Task to complete – Taking the line with "Jaquette DVD The Killing (US) Saison 1 v2" as the first and the line with "Cotton Mini Shirt" as the last, set down exactly every line in that range from the entries below, and no more.

[Dataset items]

◆ ◆ ◆ ◆ ◆ ◆ ◆

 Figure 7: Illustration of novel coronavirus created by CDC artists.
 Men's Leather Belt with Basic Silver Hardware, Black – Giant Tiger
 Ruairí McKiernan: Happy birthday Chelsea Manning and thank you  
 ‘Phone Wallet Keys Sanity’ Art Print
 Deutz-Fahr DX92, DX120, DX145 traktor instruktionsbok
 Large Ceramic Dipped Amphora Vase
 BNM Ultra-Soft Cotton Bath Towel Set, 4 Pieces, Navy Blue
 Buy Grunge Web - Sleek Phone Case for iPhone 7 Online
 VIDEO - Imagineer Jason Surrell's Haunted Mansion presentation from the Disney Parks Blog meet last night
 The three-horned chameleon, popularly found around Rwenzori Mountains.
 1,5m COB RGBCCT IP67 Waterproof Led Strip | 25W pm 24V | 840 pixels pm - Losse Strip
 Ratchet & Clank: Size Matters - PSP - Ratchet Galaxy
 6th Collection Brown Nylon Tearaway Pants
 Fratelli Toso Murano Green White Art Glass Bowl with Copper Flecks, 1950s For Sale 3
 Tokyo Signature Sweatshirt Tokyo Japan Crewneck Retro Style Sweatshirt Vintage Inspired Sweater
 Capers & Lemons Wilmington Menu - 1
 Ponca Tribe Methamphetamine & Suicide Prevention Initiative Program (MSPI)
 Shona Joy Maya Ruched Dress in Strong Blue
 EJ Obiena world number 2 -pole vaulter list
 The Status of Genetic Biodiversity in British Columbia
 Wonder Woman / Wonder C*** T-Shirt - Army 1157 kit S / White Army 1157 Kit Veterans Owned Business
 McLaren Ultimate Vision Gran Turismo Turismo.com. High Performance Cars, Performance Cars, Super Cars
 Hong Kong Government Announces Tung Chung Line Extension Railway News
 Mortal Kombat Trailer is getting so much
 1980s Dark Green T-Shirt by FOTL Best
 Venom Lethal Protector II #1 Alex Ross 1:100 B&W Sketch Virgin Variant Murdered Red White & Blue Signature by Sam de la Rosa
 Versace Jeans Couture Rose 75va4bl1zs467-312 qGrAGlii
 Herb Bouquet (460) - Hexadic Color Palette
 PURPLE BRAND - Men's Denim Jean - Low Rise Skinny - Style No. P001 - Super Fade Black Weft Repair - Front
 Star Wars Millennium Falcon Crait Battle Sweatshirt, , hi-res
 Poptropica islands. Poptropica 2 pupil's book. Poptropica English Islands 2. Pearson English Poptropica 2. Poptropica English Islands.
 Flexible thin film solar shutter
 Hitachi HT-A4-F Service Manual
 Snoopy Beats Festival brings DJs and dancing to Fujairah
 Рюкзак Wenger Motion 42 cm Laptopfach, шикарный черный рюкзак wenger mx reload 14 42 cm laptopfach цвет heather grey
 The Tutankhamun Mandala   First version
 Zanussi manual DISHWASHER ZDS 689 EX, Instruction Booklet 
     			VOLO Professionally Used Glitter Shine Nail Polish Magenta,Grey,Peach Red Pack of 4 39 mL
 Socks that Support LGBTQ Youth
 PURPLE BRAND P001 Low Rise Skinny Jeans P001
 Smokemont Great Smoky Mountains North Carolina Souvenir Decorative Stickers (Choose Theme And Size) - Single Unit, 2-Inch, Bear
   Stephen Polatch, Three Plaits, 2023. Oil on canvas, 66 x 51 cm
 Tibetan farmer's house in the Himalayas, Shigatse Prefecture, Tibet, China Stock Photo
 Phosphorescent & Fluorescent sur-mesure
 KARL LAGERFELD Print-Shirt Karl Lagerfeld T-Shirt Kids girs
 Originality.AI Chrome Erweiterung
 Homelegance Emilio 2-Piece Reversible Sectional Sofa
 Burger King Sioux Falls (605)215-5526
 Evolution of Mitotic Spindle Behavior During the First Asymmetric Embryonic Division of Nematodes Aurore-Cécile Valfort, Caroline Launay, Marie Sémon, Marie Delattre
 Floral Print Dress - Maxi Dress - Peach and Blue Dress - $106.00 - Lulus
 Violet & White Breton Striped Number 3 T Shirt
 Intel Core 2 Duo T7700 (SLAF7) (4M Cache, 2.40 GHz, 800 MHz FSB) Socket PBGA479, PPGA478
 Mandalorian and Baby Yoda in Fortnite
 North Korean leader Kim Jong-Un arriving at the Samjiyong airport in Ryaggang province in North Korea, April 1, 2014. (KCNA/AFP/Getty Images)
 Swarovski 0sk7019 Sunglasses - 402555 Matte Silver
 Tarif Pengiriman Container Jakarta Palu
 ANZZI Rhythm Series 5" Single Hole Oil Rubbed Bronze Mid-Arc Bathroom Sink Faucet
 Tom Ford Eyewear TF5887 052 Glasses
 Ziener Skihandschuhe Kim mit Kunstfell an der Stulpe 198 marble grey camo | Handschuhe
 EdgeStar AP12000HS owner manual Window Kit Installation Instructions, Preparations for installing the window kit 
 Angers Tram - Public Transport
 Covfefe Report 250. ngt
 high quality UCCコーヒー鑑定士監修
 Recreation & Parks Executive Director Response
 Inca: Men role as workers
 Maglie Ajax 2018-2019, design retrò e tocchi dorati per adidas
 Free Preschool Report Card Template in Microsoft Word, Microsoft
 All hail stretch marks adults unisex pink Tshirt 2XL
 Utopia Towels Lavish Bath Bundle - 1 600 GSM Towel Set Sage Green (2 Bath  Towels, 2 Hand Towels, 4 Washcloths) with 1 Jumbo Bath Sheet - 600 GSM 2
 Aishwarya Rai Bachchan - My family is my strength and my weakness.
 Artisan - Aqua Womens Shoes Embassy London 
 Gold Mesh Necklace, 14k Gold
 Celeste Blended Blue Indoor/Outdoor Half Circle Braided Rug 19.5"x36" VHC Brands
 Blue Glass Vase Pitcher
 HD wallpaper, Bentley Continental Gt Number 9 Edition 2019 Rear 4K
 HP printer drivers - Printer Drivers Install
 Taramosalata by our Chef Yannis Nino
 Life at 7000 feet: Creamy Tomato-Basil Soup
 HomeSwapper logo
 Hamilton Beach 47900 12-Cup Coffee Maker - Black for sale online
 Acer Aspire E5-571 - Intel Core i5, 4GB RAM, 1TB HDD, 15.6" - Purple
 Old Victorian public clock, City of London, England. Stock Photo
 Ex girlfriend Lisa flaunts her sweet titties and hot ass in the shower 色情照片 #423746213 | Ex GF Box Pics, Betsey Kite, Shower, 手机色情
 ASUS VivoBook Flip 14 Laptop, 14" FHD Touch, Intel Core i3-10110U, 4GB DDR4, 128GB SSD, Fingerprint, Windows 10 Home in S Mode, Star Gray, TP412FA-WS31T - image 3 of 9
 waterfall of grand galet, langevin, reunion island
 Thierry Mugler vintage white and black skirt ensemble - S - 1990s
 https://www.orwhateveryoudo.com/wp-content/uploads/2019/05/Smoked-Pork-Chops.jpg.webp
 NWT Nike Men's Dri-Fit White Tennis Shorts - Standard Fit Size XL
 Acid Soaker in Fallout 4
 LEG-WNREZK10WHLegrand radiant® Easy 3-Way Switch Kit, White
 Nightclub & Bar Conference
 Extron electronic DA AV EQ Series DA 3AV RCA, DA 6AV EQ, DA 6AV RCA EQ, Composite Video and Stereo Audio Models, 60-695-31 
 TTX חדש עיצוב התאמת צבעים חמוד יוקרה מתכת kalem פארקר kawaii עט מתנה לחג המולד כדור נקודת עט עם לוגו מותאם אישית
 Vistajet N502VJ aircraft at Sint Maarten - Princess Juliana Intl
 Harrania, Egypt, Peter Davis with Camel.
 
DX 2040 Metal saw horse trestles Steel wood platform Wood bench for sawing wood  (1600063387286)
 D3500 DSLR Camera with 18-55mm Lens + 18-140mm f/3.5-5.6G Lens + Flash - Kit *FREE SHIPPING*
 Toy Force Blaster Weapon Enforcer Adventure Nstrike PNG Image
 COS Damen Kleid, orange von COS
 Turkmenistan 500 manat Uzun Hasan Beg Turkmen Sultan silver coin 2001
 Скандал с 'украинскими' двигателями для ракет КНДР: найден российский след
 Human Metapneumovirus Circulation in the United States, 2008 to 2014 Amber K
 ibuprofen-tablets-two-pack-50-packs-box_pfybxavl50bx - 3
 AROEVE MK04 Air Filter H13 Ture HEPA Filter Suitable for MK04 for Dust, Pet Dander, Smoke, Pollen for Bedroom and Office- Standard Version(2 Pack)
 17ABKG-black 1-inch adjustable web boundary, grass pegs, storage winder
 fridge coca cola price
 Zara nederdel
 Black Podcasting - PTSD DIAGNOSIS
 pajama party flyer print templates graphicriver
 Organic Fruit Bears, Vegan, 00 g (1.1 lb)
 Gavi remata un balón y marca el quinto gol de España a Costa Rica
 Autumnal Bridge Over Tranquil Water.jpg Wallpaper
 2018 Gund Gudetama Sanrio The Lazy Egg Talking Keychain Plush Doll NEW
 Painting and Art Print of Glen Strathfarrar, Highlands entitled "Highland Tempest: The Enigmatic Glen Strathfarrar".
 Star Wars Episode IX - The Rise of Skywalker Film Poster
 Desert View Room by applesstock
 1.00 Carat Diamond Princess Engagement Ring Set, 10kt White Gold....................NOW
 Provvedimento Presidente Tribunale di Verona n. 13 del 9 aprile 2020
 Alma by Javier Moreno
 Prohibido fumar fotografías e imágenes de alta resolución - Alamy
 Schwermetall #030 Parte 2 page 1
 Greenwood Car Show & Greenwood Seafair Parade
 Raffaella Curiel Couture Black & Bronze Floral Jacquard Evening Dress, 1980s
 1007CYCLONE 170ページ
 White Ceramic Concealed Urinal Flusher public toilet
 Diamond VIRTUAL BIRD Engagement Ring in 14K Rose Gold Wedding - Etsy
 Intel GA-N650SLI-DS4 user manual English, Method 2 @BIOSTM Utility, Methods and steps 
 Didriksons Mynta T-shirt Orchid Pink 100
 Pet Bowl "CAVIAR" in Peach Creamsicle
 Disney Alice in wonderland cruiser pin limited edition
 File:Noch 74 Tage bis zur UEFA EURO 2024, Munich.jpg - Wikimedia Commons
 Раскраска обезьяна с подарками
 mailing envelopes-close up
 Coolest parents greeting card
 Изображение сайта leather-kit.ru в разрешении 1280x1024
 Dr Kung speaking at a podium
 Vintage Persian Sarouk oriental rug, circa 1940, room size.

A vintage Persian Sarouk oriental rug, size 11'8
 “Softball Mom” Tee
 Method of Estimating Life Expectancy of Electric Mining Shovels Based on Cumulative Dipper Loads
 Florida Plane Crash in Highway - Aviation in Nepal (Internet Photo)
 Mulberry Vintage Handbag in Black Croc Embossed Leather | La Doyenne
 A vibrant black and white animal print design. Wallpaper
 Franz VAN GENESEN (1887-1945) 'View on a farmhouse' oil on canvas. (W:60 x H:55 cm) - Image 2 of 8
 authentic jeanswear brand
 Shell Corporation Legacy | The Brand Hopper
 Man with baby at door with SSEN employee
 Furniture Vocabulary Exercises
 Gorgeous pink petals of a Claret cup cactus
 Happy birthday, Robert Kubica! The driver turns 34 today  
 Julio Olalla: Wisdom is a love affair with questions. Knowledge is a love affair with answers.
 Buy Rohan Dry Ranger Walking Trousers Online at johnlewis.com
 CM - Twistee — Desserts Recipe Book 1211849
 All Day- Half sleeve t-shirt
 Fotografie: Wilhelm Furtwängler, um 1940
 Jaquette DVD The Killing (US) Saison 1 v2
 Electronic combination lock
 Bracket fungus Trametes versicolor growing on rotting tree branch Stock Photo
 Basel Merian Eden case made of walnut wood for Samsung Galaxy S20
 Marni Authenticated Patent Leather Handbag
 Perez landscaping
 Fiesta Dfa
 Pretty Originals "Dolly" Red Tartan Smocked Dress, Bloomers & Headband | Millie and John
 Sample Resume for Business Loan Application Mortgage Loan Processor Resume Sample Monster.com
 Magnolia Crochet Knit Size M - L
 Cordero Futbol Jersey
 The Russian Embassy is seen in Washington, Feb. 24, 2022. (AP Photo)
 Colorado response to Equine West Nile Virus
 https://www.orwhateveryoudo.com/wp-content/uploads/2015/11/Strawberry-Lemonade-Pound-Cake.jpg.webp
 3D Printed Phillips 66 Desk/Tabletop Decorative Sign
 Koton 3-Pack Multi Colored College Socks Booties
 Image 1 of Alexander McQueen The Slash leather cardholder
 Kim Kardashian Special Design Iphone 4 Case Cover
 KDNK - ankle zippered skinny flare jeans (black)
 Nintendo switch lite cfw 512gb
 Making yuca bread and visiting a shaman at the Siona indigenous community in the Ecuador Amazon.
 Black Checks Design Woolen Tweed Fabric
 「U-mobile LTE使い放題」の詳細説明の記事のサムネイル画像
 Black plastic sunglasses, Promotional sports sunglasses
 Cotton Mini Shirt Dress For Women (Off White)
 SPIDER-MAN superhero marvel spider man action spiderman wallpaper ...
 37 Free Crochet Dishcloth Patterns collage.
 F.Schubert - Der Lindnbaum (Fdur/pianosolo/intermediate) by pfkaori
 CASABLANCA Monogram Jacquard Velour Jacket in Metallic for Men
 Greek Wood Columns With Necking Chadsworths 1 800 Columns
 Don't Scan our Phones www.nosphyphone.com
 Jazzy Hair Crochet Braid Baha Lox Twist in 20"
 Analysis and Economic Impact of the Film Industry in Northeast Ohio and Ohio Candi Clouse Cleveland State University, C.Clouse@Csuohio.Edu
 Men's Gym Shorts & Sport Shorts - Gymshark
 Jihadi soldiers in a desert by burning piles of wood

◆ ◆ ◆ ◆ ◆ ◆ ◆

Reply to the exercise –
 Jaquette DVD The Killing (US) Saison 1 v2
 Electronic combination lock
 Bracket fungus Trametes versicolor growing on rotting tree branch Stock Photo
 Basel Merian Eden case made of walnut wood for Samsung Galaxy S20
 Marni Authenticated Patent Leather Handbag
 Perez landscaping
 Fiesta Dfa
 Pretty Originals "Dolly" Red Tartan Smocked Dress, Bloomers & Headband | Millie and John
 Sample Resume for Business Loan Application Mortgage Loan Processor Resume Sample Monster.com
 Magnolia Crochet Knit Size M - L
 Cordero Futbol Jersey
 The Russian Embassy is seen in Washington, Feb. 24, 2022. (AP Photo)
 Colorado response to Equine West Nile Virus
 https://www.orwhateveryoudo.com/wp-content/uploads/2015/11/Strawberry-Lemonade-Pound-Cake.jpg.webp
 3D Printed Phillips 66 Desk/Tabletop Decorative Sign
 Koton 3-Pack Multi Colored College Socks Booties
 Image 1 of Alexander McQueen The Slash leather cardholder
 Kim Kardashian Special Design Iphone 4 Case Cover
 KDNK - ankle zippered skinny flare jeans (black)
 Nintendo switch lite cfw 512gb
 Making yuca bread and visiting a shaman at the Siona indigenous community in the Ecuador Amazon.
 Black Checks Design Woolen Tweed Fabric
 「U-mobile LTE使い放題」の詳細説明の記事のサムネイル画像
 Black plastic sunglasses, Promotional sports sunglasses
 Cotton Mini Shirt Dress For Women (Off White)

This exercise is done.